Conducive Business Environmental Risks: Changes in governmental or business regulations, macro-economic environment, political risks, and trade restrictions are some of the important conducive business environmental risks

Market Risks

These risks arise on the market level. This include commodity and input price volatility, and co-contractor default risk. Usually these risks have ripple effects on to the farm gate and thereby affecting all stakeholders.
Although all these risks effect across the supply chain, some actors bear the major brunt. Production risks majorly impacts small coffee growers.

Agriculture, the leading sector of Ethiopian economy, is chiefly characterized by small land holding system and traditional farming techniques. Poor agricultural performance have been the cumulative result of decreased soil fertility, climatic variations, poor infrastructure, environmental degradation and land scarcity. Rural households in Ethiopia exist in a precarious environments. Plagued by various natural and man-made troubles that exposes them to some serious challenges.

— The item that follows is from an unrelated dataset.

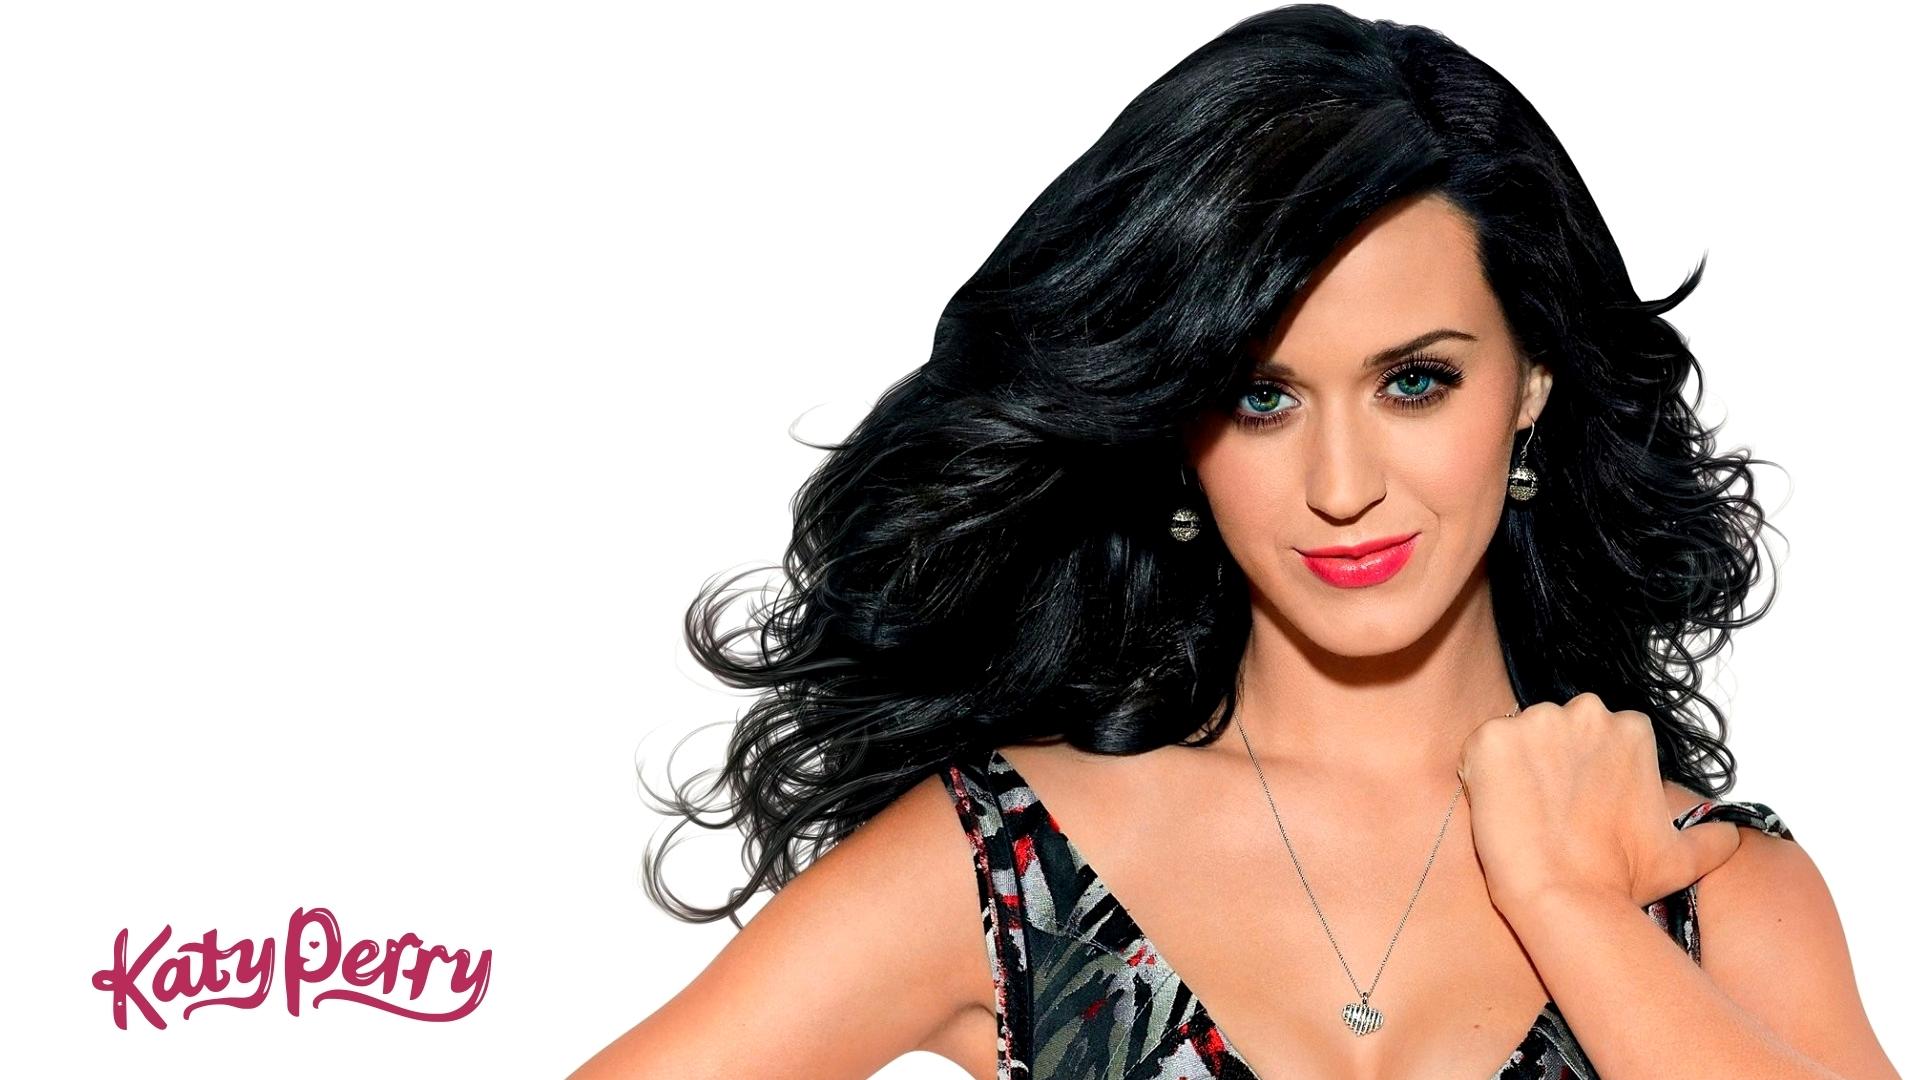 Katy Perry 2013 - 1920x1080

For example, high price volatility, low demand and inadequate access to resources leads to market failure for certain products and factors of production. This have a major influence on resource allocation decisions of rural households.

In addition to the risks discussed earlier, there are some other sources of risk for coffee production and marketing. These are changes in climatic conditions and price fluctuations for coffee, both of which have an unpredictable impact on the final output.

Price risks are the most common type of risk, which occurs due to the delay in deciding which plant to crop and the time to harvest it. Obviously, market prices at the point of sale are unpredictable at the time of production decisions. In the coffee producing areas of Ethiopia, coffee production and marketing factors may curtail the rate of coffee production and yield quality.

Such risks are more critical for poor coffee farmers where there is a serious lack of information and restrictions in the market with a time delay between planting and harvesting. This can have serious implications on the life of coffee farmers in many ways such as on their health, their children education, access to food, sanitation, clean water, livelihood insecurity and income.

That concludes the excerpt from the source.